### What is being asked
An exact copy of the lines of the listing below between the "Jeep and High Vehicle Models" line and the "Learn about the" line, both included, is the whole answer; please omit the pictures.

### Data for analysis
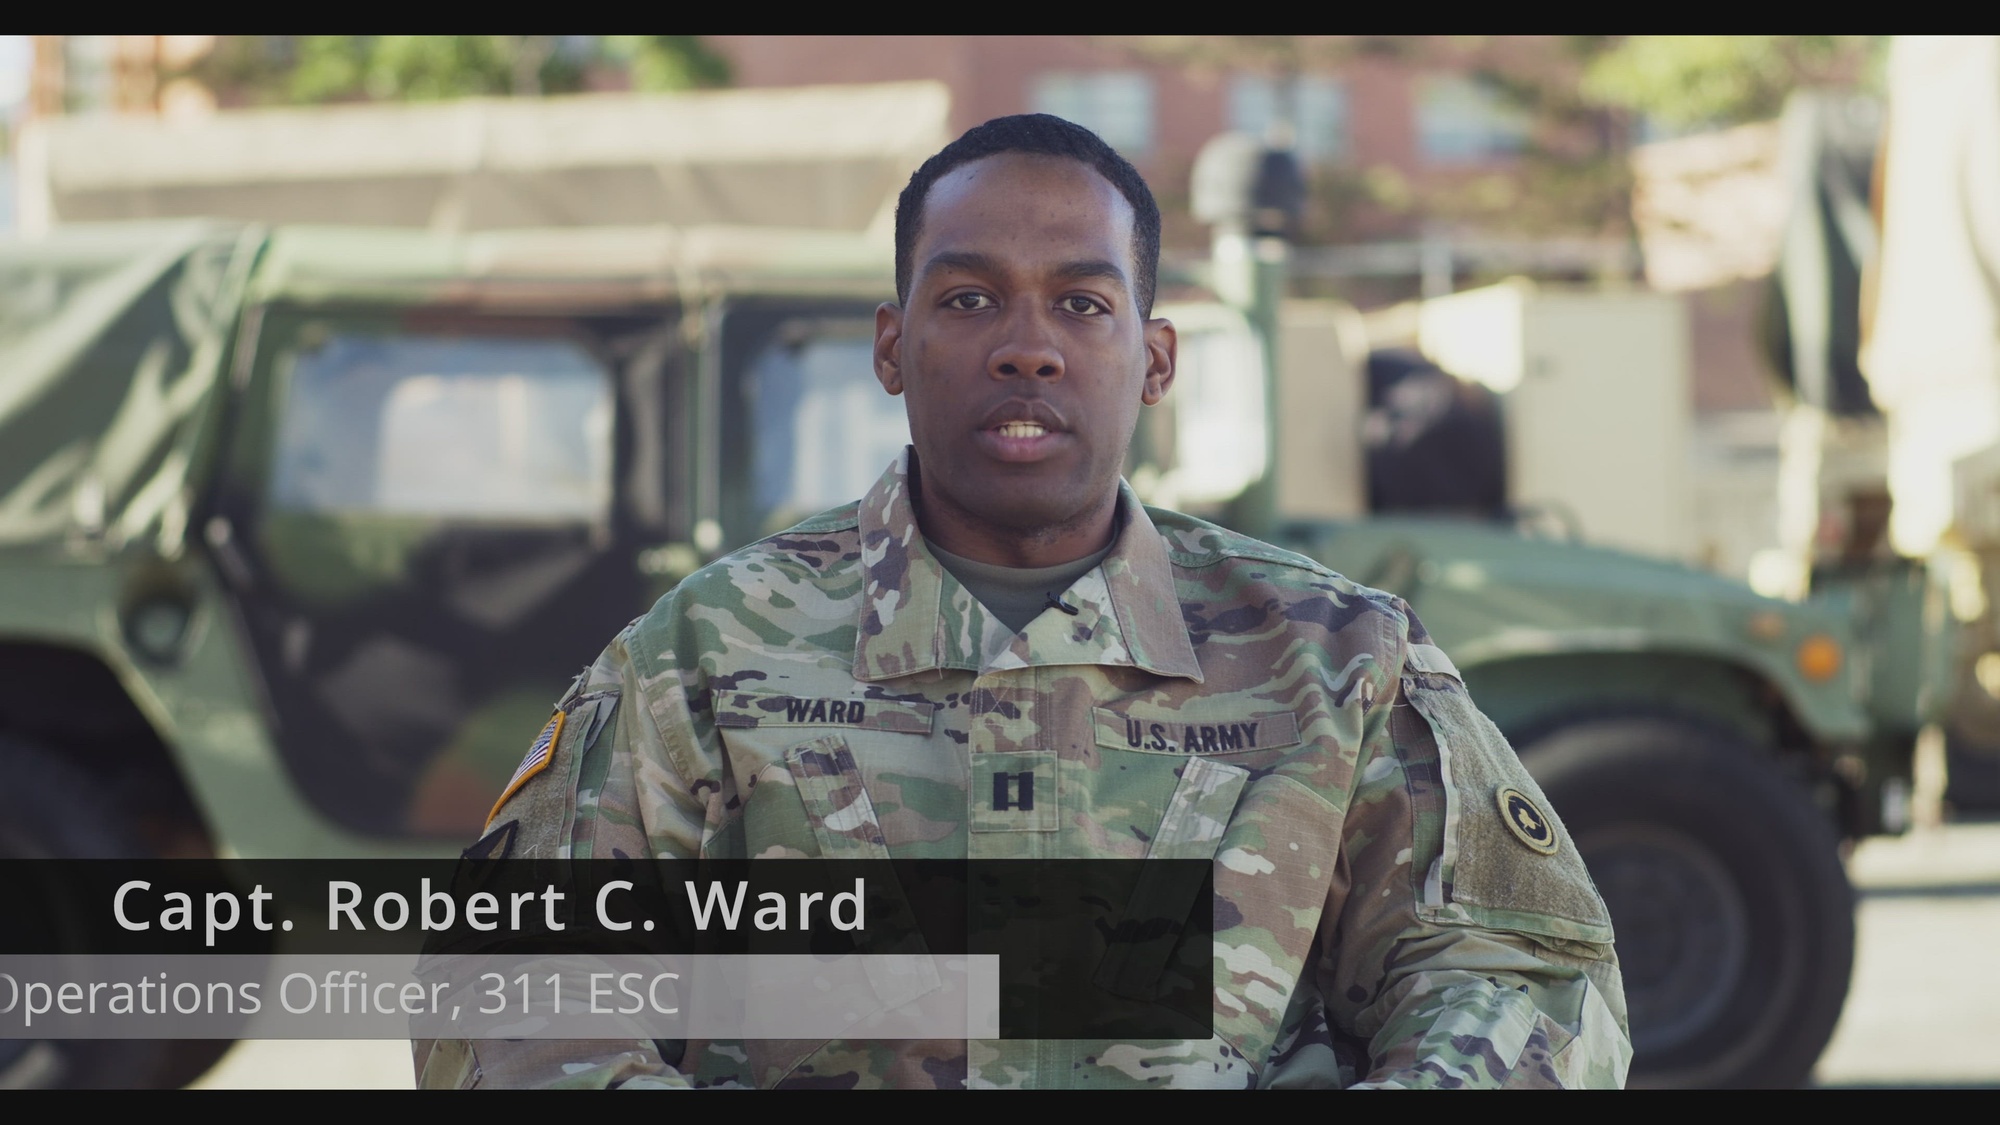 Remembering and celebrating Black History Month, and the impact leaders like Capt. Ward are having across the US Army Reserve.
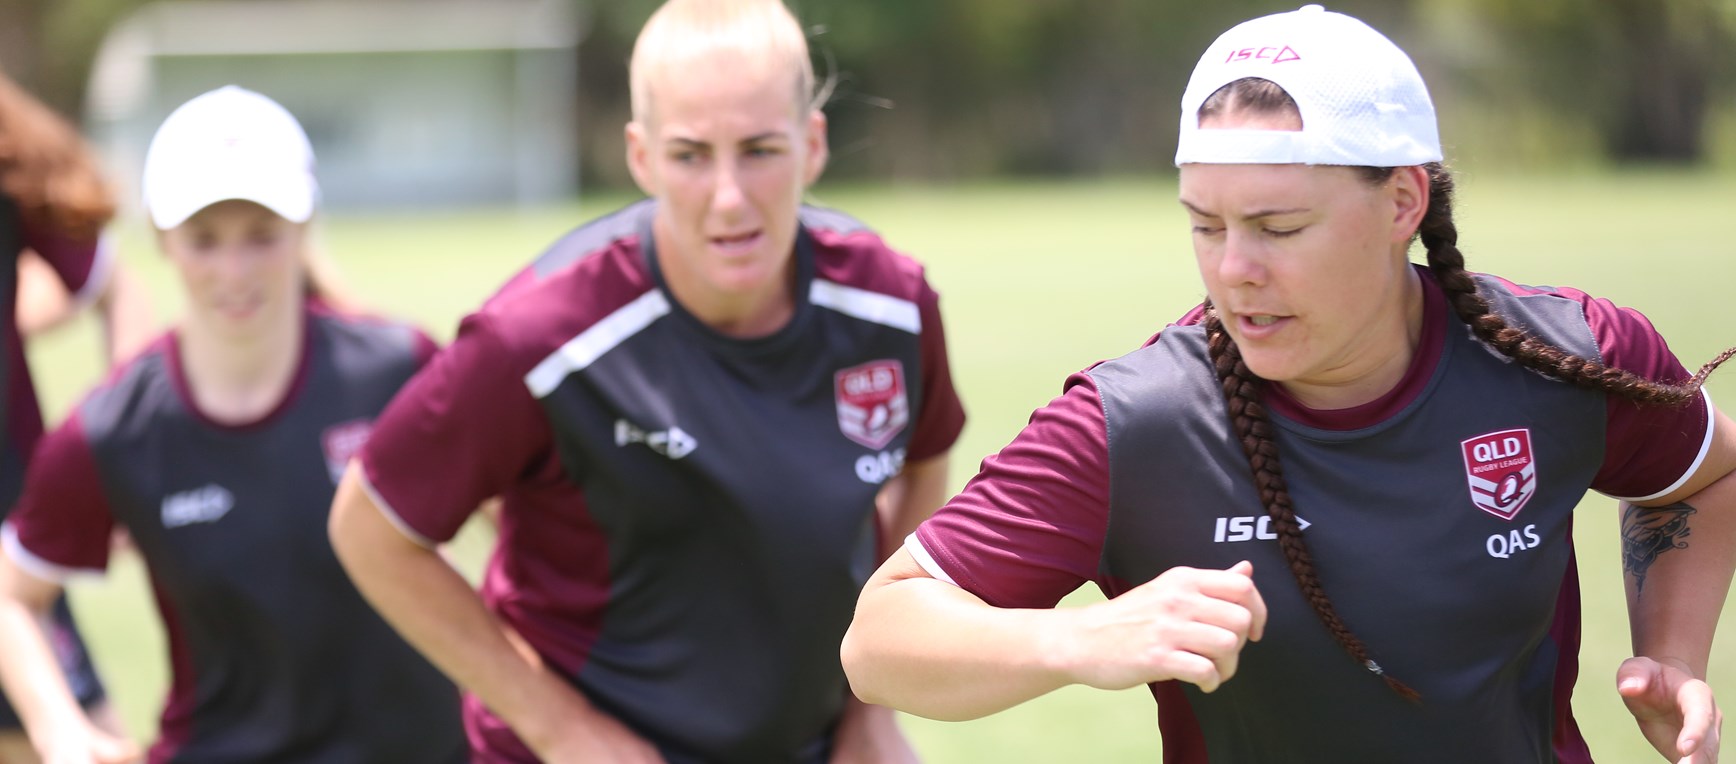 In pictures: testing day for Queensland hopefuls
* * *
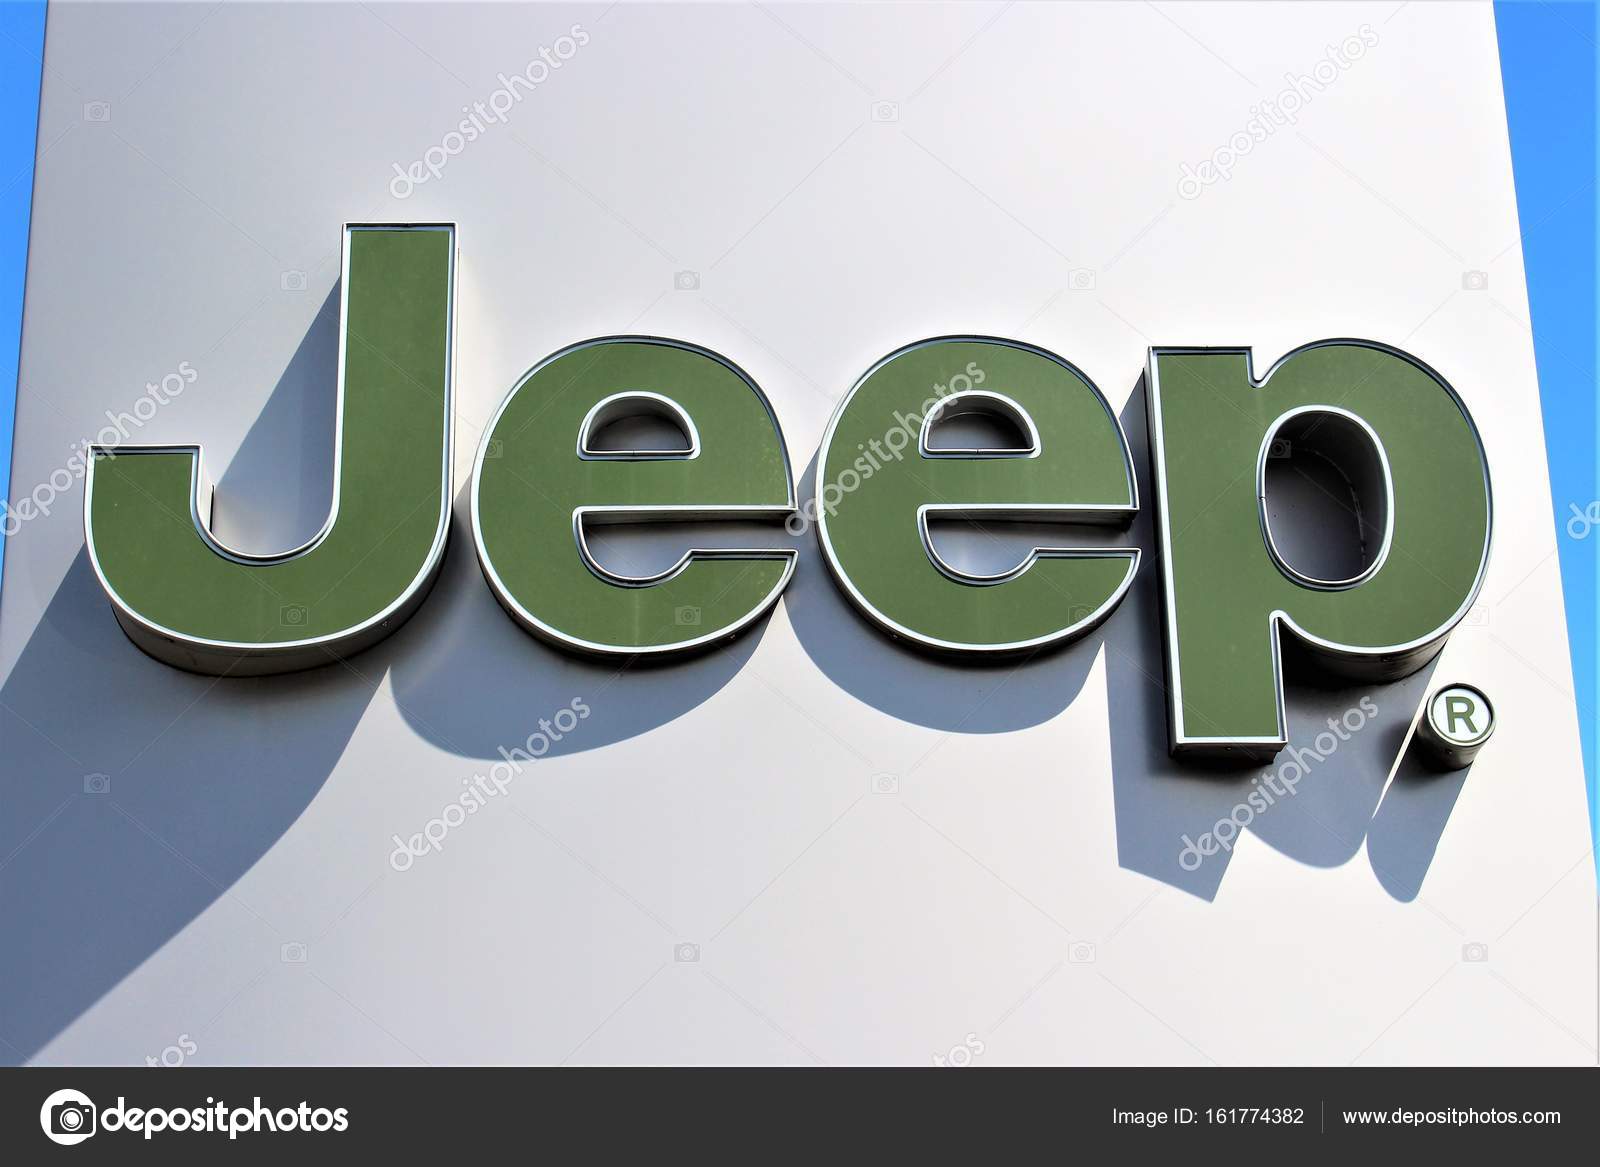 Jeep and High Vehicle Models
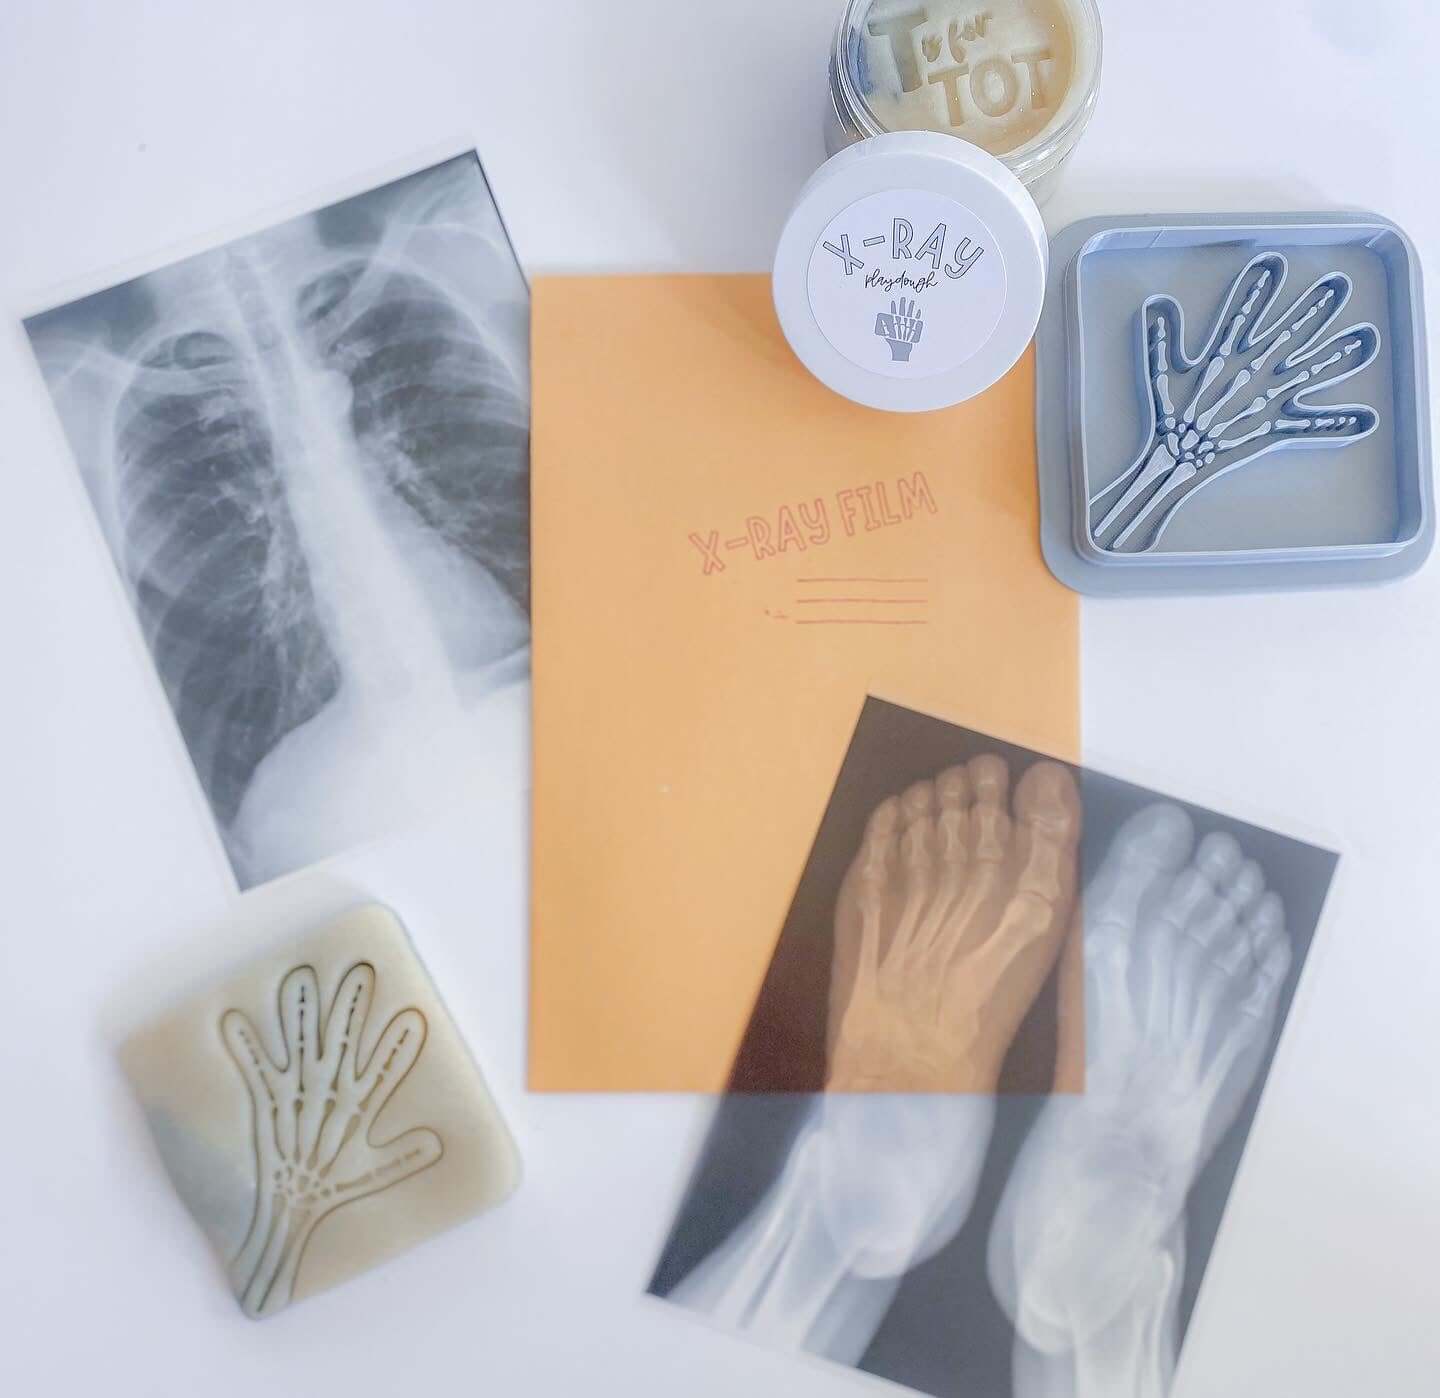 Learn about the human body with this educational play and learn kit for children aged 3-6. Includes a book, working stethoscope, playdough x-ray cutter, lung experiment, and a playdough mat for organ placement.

### Answer box
 Jeep and High Vehicle Models
 Learn about the human body with this educational play and learn kit for children aged 3-6. Includes a book, working stethoscope, playdough x-ray cutter, lung experiment, and a playdough mat for organ placement.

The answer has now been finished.